Here’s why: for reasons known only to previous owners, the house had metastasized over the years, with a series of completely and utterly wrong-headed, senseless, absurdly un-designed additions and extensions. What we have here is a demolition project. The whole house doesn’t need to be taken down — just 2/3 of the existing 3,600-square-foot structure (if it can be called a structure), to bring it back to approximately its original size and shape.

There’s very little in the way of old detail, even in the original part of the house, and the rooms have been mostly chopped up with extraneous walls. There are little jigs and jogs that lead to nowhere, closets with windows, room after tiny room so confusing you can’t even tell what’s meant to be the dining room, the living room, or the master bedroom. The whole house is covered with vinyl siding, over 1950s asbestos shingle. Maybe there’s clapboard underneath, or perhaps that’s long gone.

Any bad decision that could be made has been made. There are a couple of roof decks that have no logical access (you have to climb through windows to get to them). They would provide a view of Long Island Sound, which is tantalizingly nearby — a matter of a few hundred yards — but inaccessible, because of fenced neighboring properties, except by roundabout road.

The balusters on the original staircase have been replaced with new Victorian-style ones, below. The floors are newish and mismatched.

The windows in the “best” room, below — a coffered (though low) ceilinged space in the middle of the old part of the house — were replaced with an ugly modern ‘picture window.’

One of the rear additions, below, was meant to be a rec room or family room of some sort. It is dark, water damaged, visibly moldy.

A huge disproportionate growth on the second floor, below, is a sun-flooded room with another modern picture window that should perhaps, if it’s to be anything, be a bedroom or office, has been given over to a crummy-looking Jacuzzi — someone’s idea of a good use of that space.

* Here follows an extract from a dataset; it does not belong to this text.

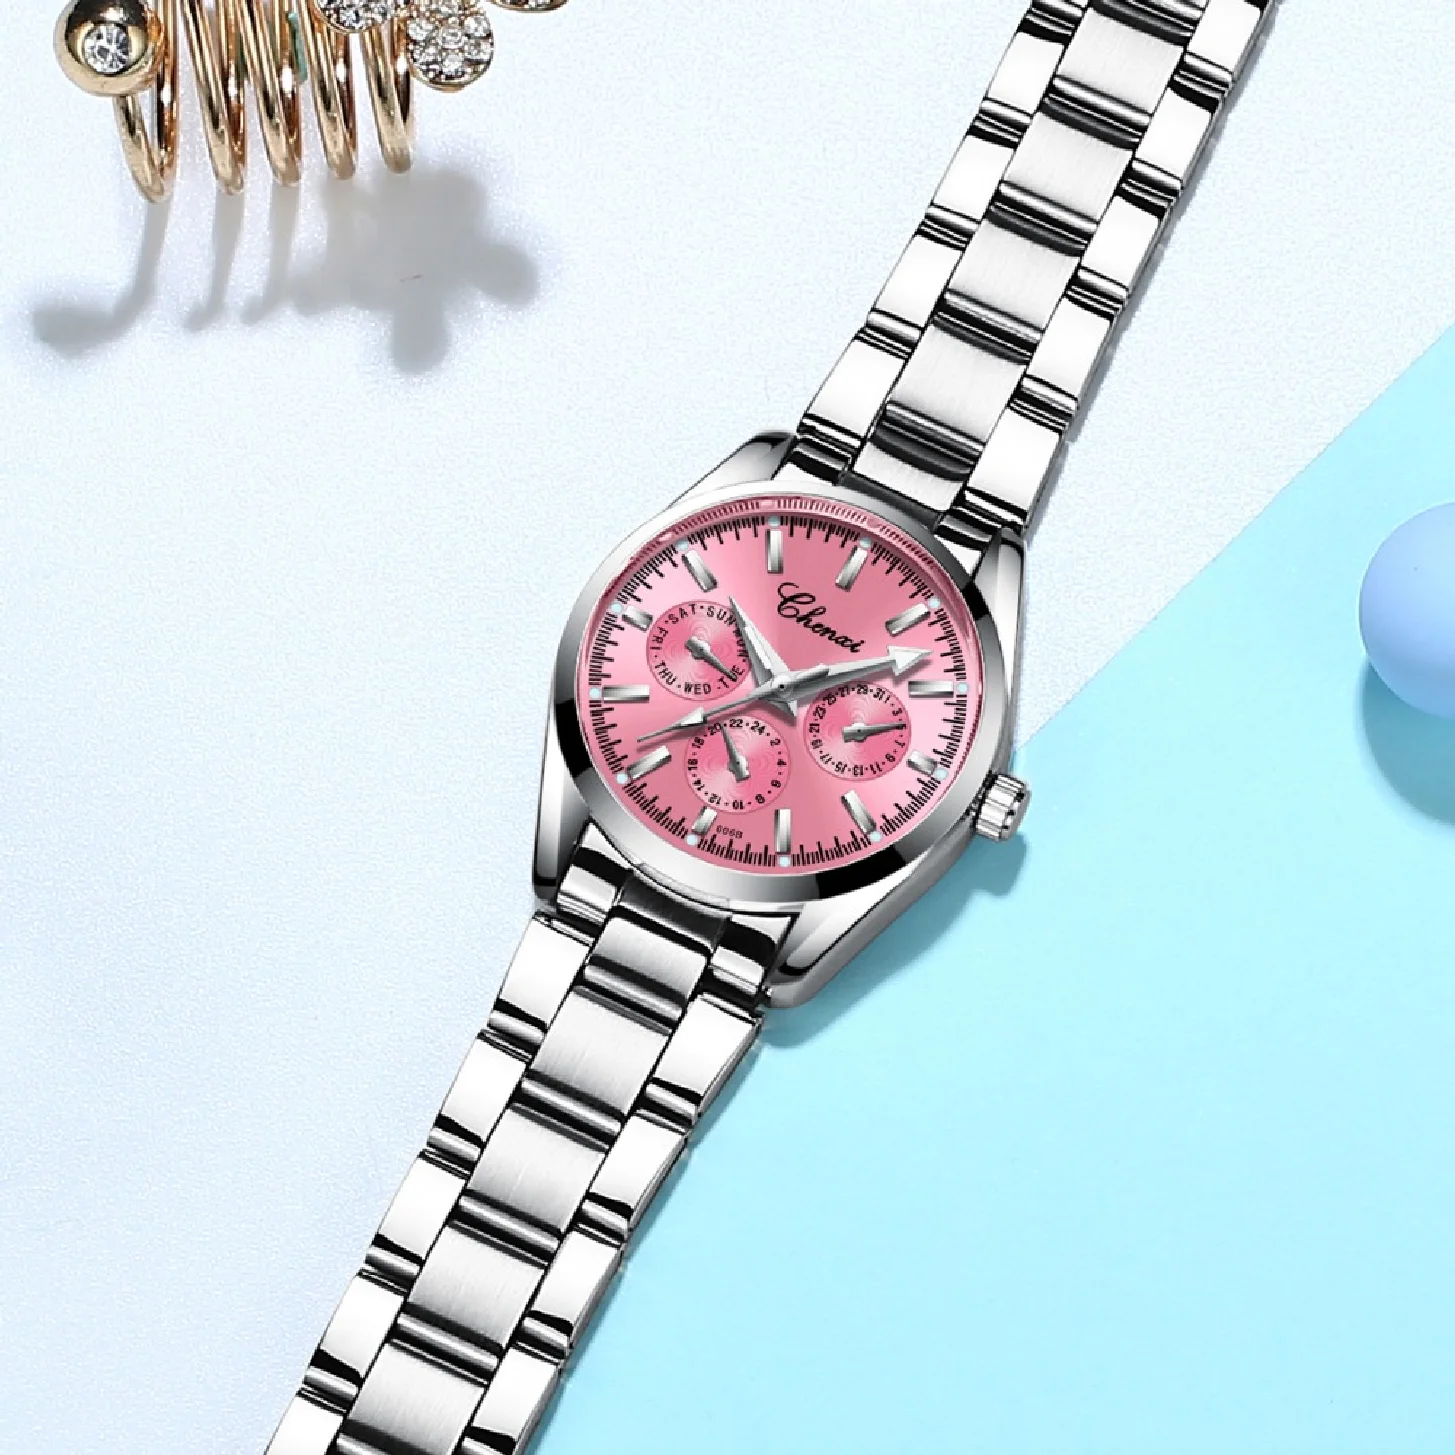 CHENXI Women Dress Top Luxury Brand Watch Stainless Steel Women's Analog Quartz Wrist Watch Fashion Woman Waterproof Clock enlarge
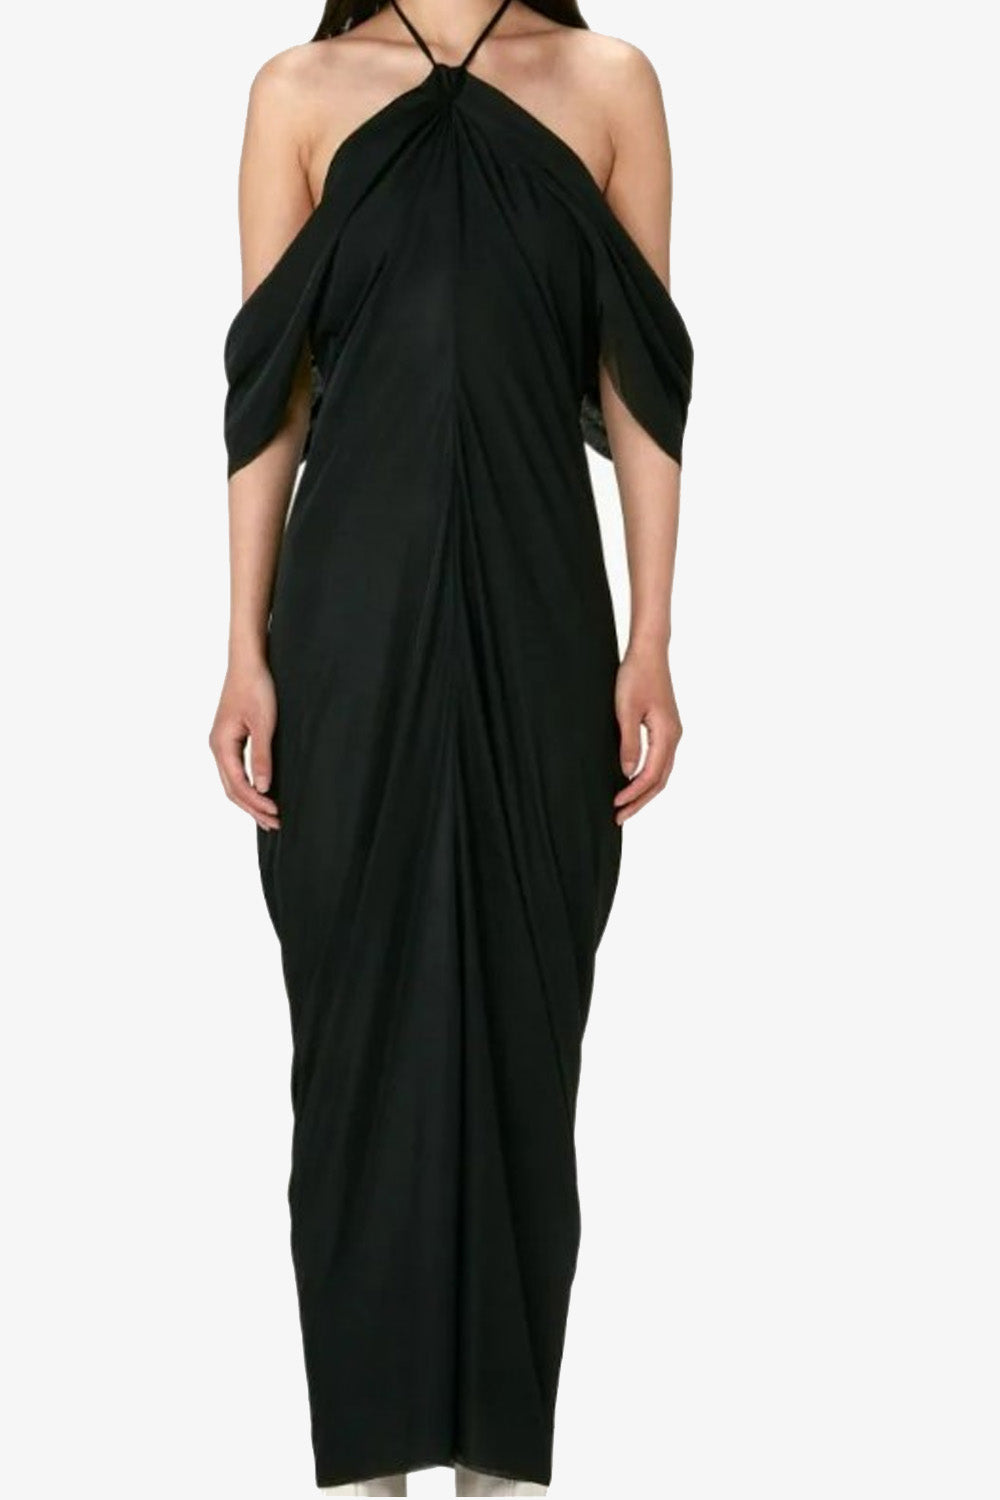 Elysian Black Dress

There are two kitchens (both awful) and 3-1/2 baths, done cheaply and horribly. There are approximately 7 bedrooms.

The only original windows are in the attic, below, reached by a ladder that folds down out of the ceiling.

On paper, the place is exactly what I was looking for when I began my search for an old house on Long Island in early 2009: a Victorian farmhouse fixer-upper in a secluded location — it’s at the end of an unpaved road, on a 1/2 acre lot with abundant sunshine — for under 300K. But the amount of money that would probably have to go into demolition and rubbish carting alone, not to mention rebuilding, makes it no bargain. As you look around, incredulous, the house even begins to seem over-priced (though it is a foreclosure, and offers are being accepted).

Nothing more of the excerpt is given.